I couldn’t agree more. And I write as someone strongly predisposed to take civil rights matters to heart, as someone who does not need even slightly to be convinced that the fantasy many of us once maintained that racial discrimination was a thing of the past was just that, a fantasy in need of some serious revision. But to accuse Israel of genocide without being able to point to the actual killing fields, to the execution pits, to the gas chambers, to the extermination camps…or to the ever-declining numbers of their victims as the slaughter progresses—that is not just inaccurate, but libelous and insulting in a way that few charges made against Jewish people—or any people—could possibly match.

At the end of the day, an organization that promulgates hatred against Jews—and I don’t see how the use of the genocide-charge to defame Israel could reasonably be described otherwise—such an organization is not worthy of the support of decent-minded people.
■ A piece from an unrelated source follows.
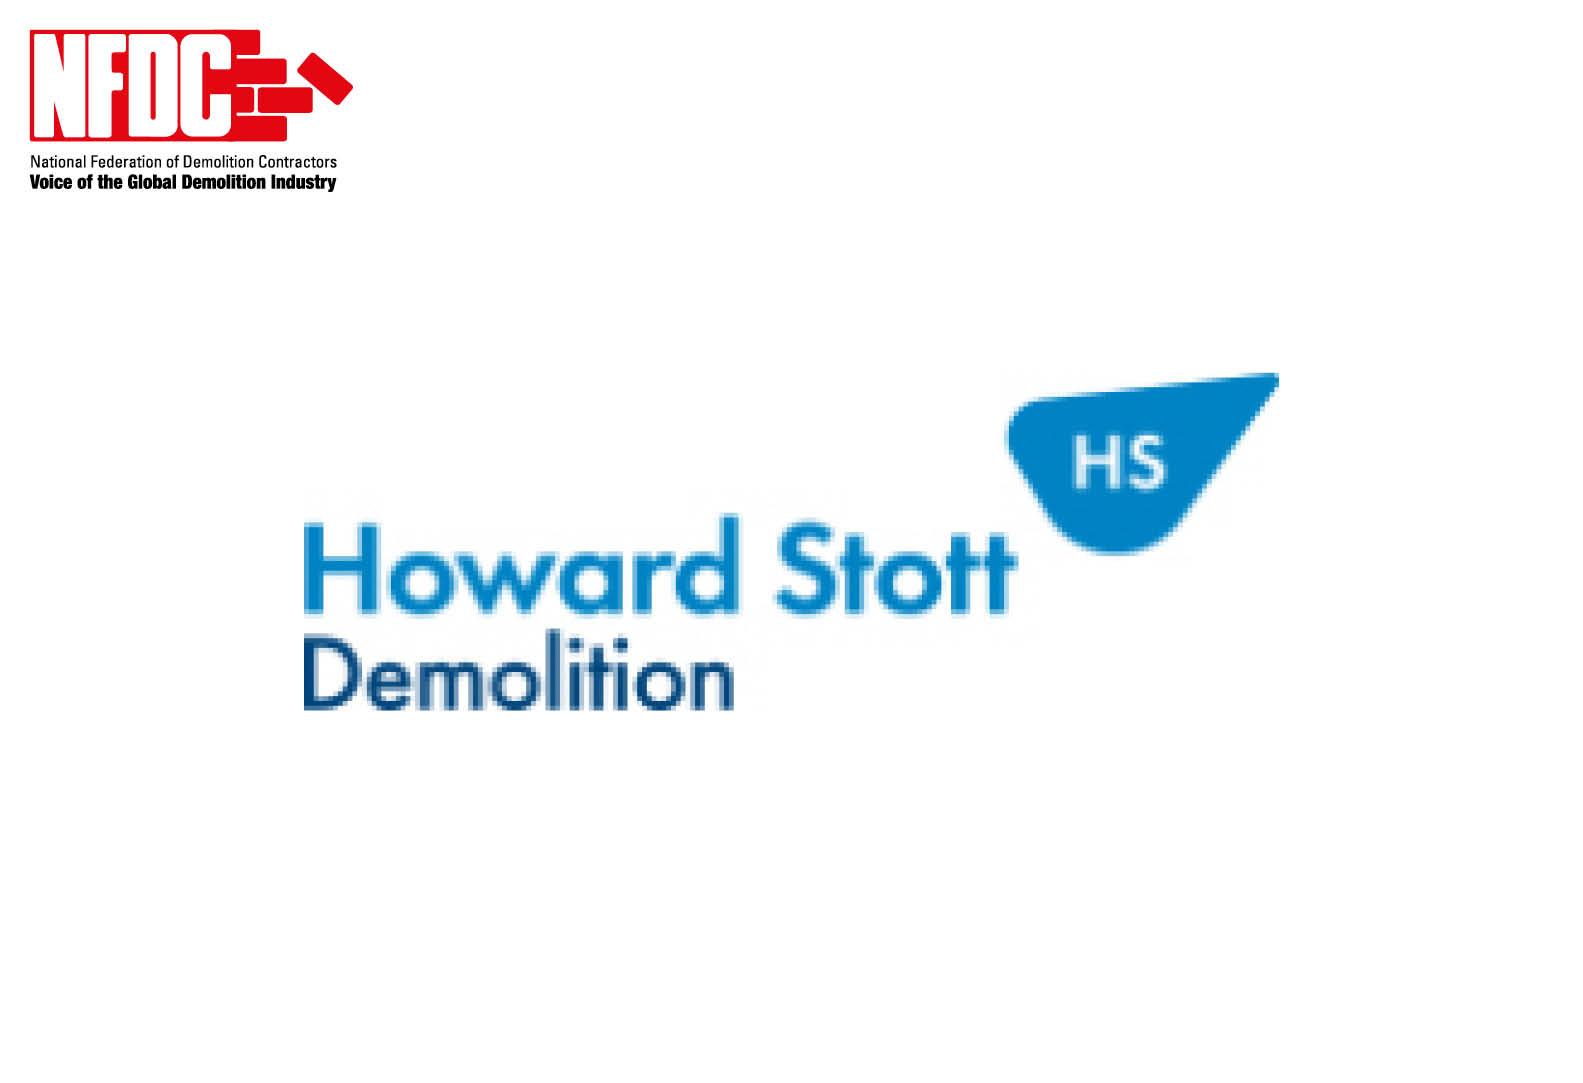 Howard Stott

The decision of the leaders of Black Lives Matter formally to drive from their ranks anyone who stands with Israel is, I suppose, their decision to make. But it excludes me personally from feeling drawn to their ranks or interested in being known publicly as a supporter.

But where does that leave us actually? To walk away from the racial issues that divide our nation would be a huge error for the Jewish community. The Black Lives Matter movement is hardly the only organization that is working towards healing the wounds that racism inflicts on our society! The cause itself—the effort to create a color-blind society in which all citizens are treated equitably and fairly—could not be more worthy of universal support and should surely not be dismissed as something solely for the victims of racism to pursue. Our American nation is facing a problem that many of us imagined was quickly on its way to becoming a feature of the past, something we imagined our children would soon find strange to the point almost of being bizarre to contemplate in the way kids today find it odd to learn that women have been allowed to vote in our country for less than a century or that there was a time when it was illegal in every single state for gay men to pursue their intimate lives on their own terms and privately…and that the first state to repeal such laws—Illinois in 1962—was not joined by a single other state for almost a full decade.

To imagine that it isn’t possibly both to pursue the goal of racial equity in our nation and to refuse to associate with people who use groundless, deeply vituperative rhetoric to accuse Israel of pursuing a Nazi-style agenda of extermination against the Palestinians—that seems to me illogical in the extreme. I myself am proof positive that it is possible to do both those things and feel both those ways: I have nothing but contempt for racism and those who pursue a racist agenda…and yet I will never knowingly associate with people who make common cause with enemies of the Jewish people or of the State of Israel.